А потом мимо Бобби пронеслась волна света, утащила за собой фронт кипящих облаков и пара. Произошел чудовищный взрыв. Бобби вскрикнул…


Давид замедлил их спуск в глубь времен.

Земля снова себя восстановила.

Черно-синие океаны были спокойны. Безоблачное небо имело зеленоватый оттенок. Покрытая оспинками кратеров Луна пугала своими размерами, она напоминала черты лица человека, такие знакомые Бобби, – не хватало только правого глаза… А еще тут было второе солнце – светящийся шар, затмевавший Луну, с хвостом, протянувшимся через все небо.

– Зеленое небо, – пробормотал Давид. – Странно. Может быть, дело в метане? Но как…

– А это, черт подери, что такое? – не выдержал Бобби.

– Ты про комету? Просто чудовище. Размером с нынешние астероиды вроде Весты или Паллады, километров пятьсот в поперечнике. В тысячу раз больше той, которая угробила динозавров.
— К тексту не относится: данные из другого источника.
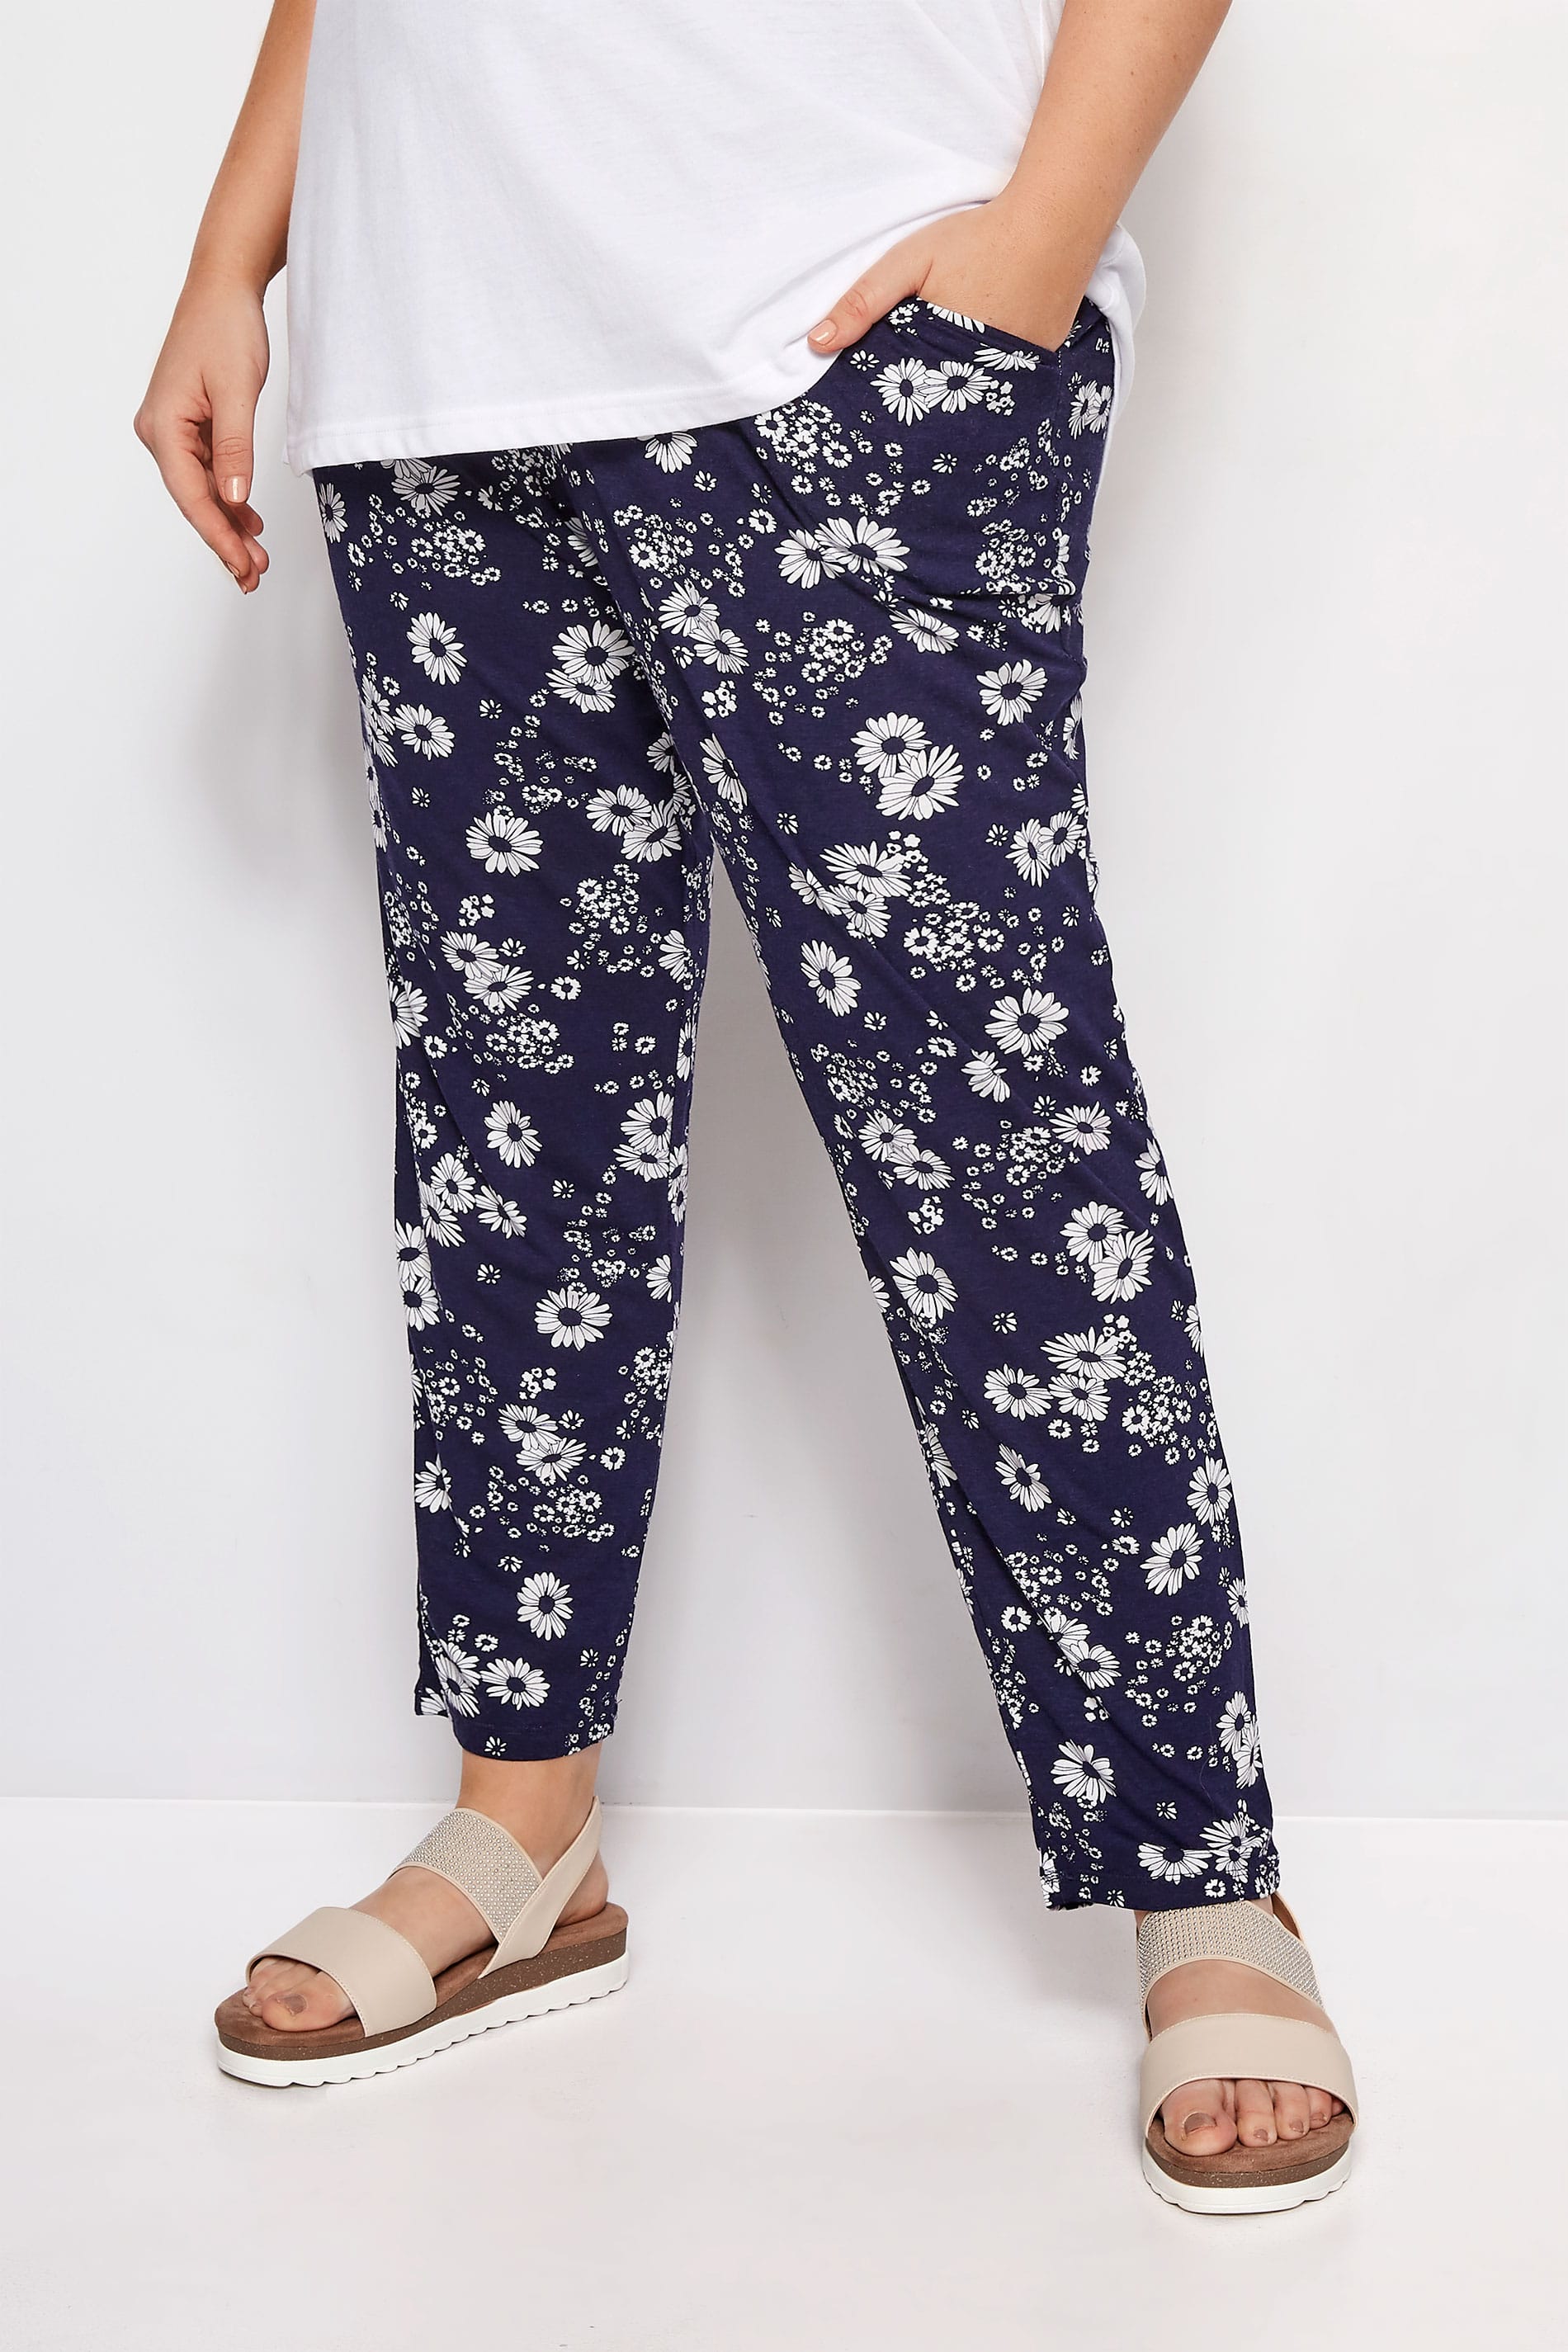 Navy Floral Print Jersey Harem Trousers, Plus size 16 to 36

– То есть размерами она равна Полыни.

– Точно. Не забывай, что Земля образовалась из комет и метеоритов, несколько планетоидов, обращавшихся вокруг юного Солнца, сплавились воедино. Самым грандиозным ударом, наверное, было столкновение с другой молодой планетой, из-за которого мы чуть было не превратились в обломки.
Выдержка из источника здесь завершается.